UID PID PPID C STIME TTY TIME CMD
daemon 2433 1 0 Dec 08 ? 0:03 /usr/lib/nfs/nfsmapid
access 1
exece 1
fcntl 1
lwp_exit 1
mmapobj 1
rexit 1
sysi86 1
fstat64 2
getrlimit 2
mprotect 2
pwrite 2
systeminfo 2
doorfs 3
getpid 3
getuid 3
llseek 3
lwp_park 3
memcntl 3
setcontext 4
sigaction 4
munmap 5
pollsys 5
sigwait 5
sysconfig 5
lseek 6
readlink 14
resolvepath 17
mmap 18
lstat 19
stat 19
brk 20
gtime 22
read 22
lwp_sigmask 25
fstat 27
close 32
open 36
write 38
pread 185
p_online 256
ioctl 291
So, clearly there are some additional stat()s going on when we're slow:
asgard # dtrace -qn 'syscall::stat:entry { @[ustack()] = count(); }' -c "ps -fp 28507"
UID PID PPID C STIME TTY TIME CMD
leftwing 28507 28504 0 12:39:37 ?? 0:00 -bash
...
(snip)
...
libc.so.1`_syscall6+0x1b
libc.so.1`srch_dir+0x3db
libc.so.1`srch_dir+0x4e0
libc.so.1`srch_dir+0x4e0
libc.so.1`_ttyname_common+0x2a2
libc.so.1`_ttyname_dev+0x26
ps`gettty+0x3d
ps`prfind+0x4b
ps`print_proc+0x27f
ps`stdmain+0x1221
ps`0x40317c
239
libc.so.1`_syscall6+0x1b
libc.so.1`srch_dir+0x3db
libc.so.1`_ttyname_common+0x2a2
libc.so.1`_ttyname_dev+0x26
ps`gettty+0x3d
ps`prfind+0x4b
ps`print_proc+0x27f
ps`stdmain+0x1221
ps`0x40317c
247
libc.so.1`_syscall6+0x1b
libc.so.1`srch_dir+0x3db
libc.so.1`srch_dir+0x4e0
libc.so.1`_ttyname_common+0x2a2
libc.so.1`_ttyname_dev+0x26
ps`gettty+0x3d
ps`prfind+0x4b
ps`print_proc+0x27f
ps`stdmain+0x1221
ps`0x40317c
264
So now that I look at it, all of the slow/double question mark processes are processes that do have ttys and also happen to live in non-global zones....

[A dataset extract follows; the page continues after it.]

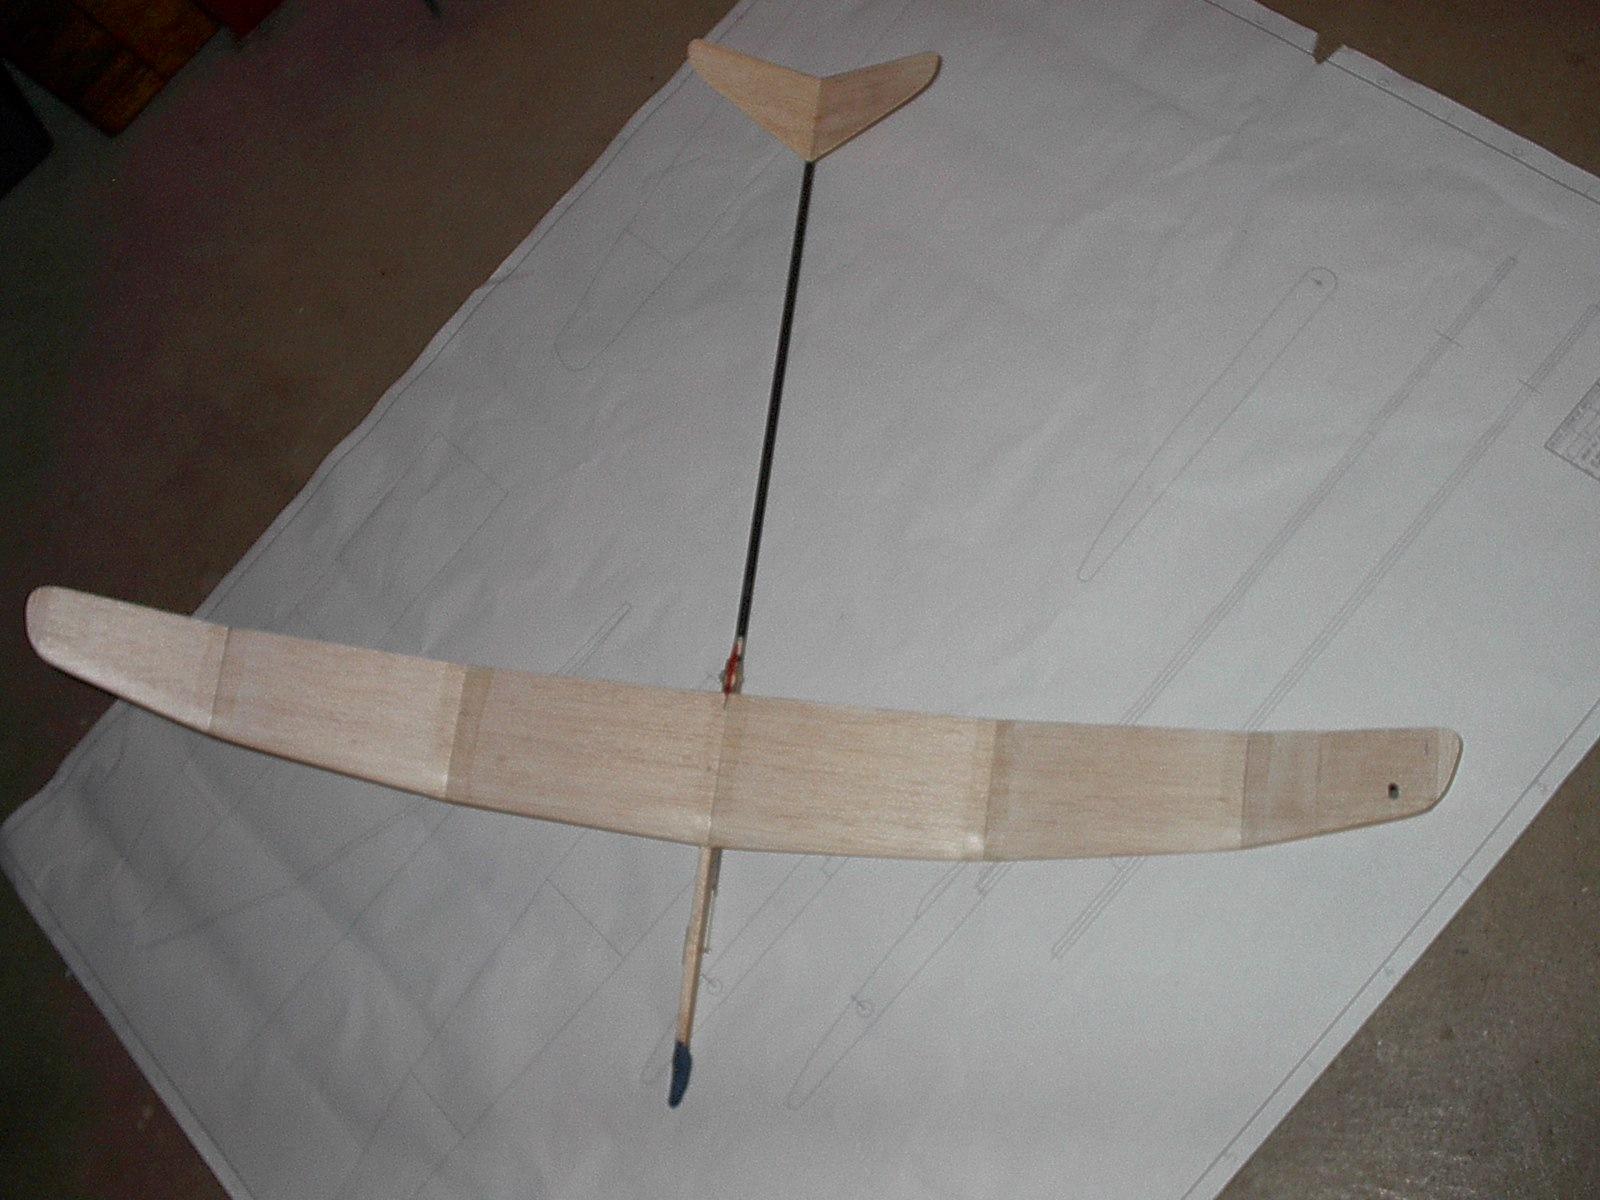 AMA Glider

asgard # time ps -z global | wc -l
79
real 0m0.017s
user 0m0.005s
sys 0m0.018s
asgard # time ps -z tutor | wc -l
68
real 0m10.222s
user 0m0.021s
sys 0m9.810s
looking into ps.c... it looks like if a process is identified as having a pty, we'll go and look up the number of that pty by searching for the appropriate device nodes in places listed in /etc/ttysrch. On my box, that file contains:
/dev/pts
/dev/vt
/dev/term
/dev/zcons
As we don't find it there, we do an exhaustive search (hence all the stat() through /dev), decide we can't find the pty, give up and return "?", which is then displayed as the second ? in the TTY column.
If run from within the zone, ps is able to see the device nodes in the in-zone /dev/pts and everything works fine.